Last week at CeBIT the announcement came through that a project that has been under wraps for a little while now received NSW Government funding to move ahead. It is a collaborative project bringing together commercial partners with the Museum being used, as our Director puts it in the media release, “to directly support the NSW technology industry by being a ‘living laboratory’ for the development of this product”.

A consortium formed by Smarttrack RFID, RAMP RFID, MOB and the Powerhouse Museum is delighted to be selected as one of the first recipients of funding from the NSW Government under the Collaborative Solutions program. Announced on Tuesday 31 May, the NSW Government’s Collaborative Solutions programme aims to help build the digital economy in NSW.
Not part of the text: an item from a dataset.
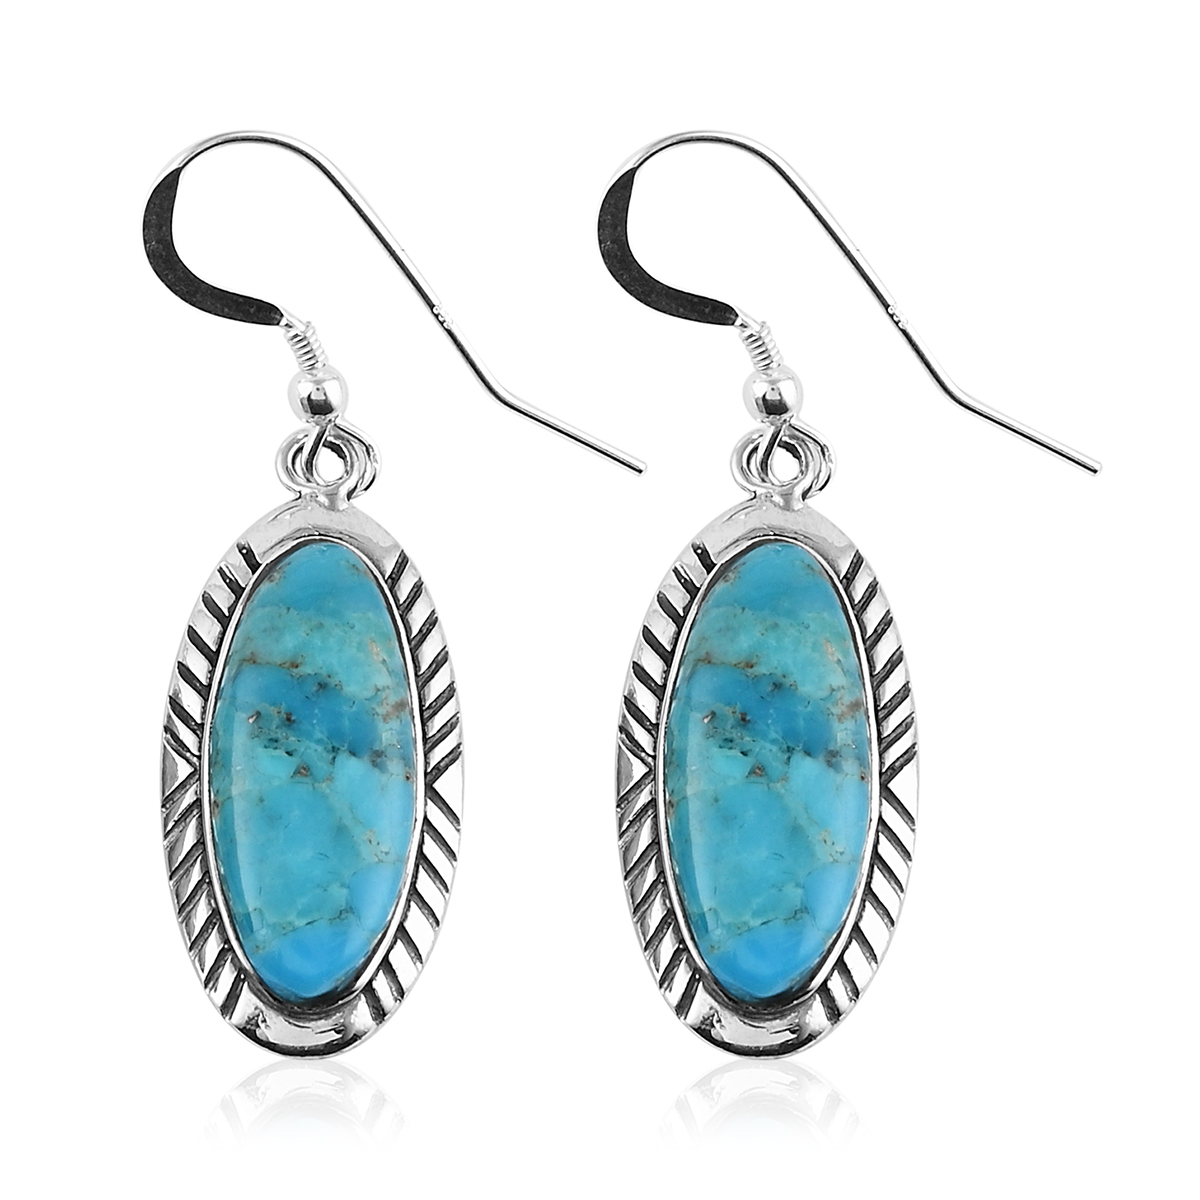 Santa Fe Style 925 Silver Turquoise Earrings Pendant ...

And although there’s two companies involved with RFID in their names, this project is not about RFID at all – but instead is developing and trialling a mobile platform which, combined with indoor location awareness, is able to deliver customised content to visitors and also deliver valuable spatial analytics data back to the museum to assist with future exhibition design and spatial configuration.

Julian Bickersteth and Christopher Ainsley delivered a paper, Mobile Phones & Visitor Tracking, at Museums and the Web 2011 that outlined the broad premise of the project in April.

Discussing the use of tracking applications in the retail sector they wrote,

The museum sector is small and consequently does not have the resources to make use of this opportunity. However, significant components of museum operations have synergies with the retail sector, a part of the economy with deeper pockets for exploring new technologies. The museum sector has a history of piggy backing on the technological developments of its retail cousins, whether in the overt area of streamlining their own retail operations (both in the museum shop and on-line) or more subtly in using retail counting systems to accurately count museum visitors.

Shopping malls in particular share many physical characteristics with museums. They are both likely to be large masonry structures with a limited number of entrances, to contain a series of retail or exhibition spaces along with catering areas, joined by large open spaces. Both shopping mall and museum operators want to know where the more and less popular areas are located, what the dominant paths followed by visitors are, how long they spend in catering outlets and retail stores, and how long they spend in the mall/museum as a whole.

For the retail mall operators (known in the business as RAMs or Retail Asset Managers), critical to their thinking is adjacencies and synergies of the retail and catering mix so as to maximise rental income through more intelligent leasing. This in turn allows them to charge top dollar for shops in prime positions, and also control who gets a lease in the first place.

I sent Julian a number of questions about the project to expand on.

F&N – How did moveMe come about?

MoveMe started as visitor counting project which then expanded into visitor tracking. Visitor tracking works best if the visitors are using an App (giving them a reason to turn their devices on etc), hence the addition of the App. But then the packaging of this offering to include location specific content delivery and way finding clearly became a much more interesting space to be in, hence the evolution into moveMe.

F&N – How effective has this technology been in the shopping mall environment? What sorts of business decision making has this enable or improved?

This is still being trialled, but where it has in US department stores and super-hardware stores, it clearly has the ability to help staffing and also response to promotions. Since both these areas are high cost items, it is data they are very keen to get their hands on. [There’s some expansion on this in the MW paper]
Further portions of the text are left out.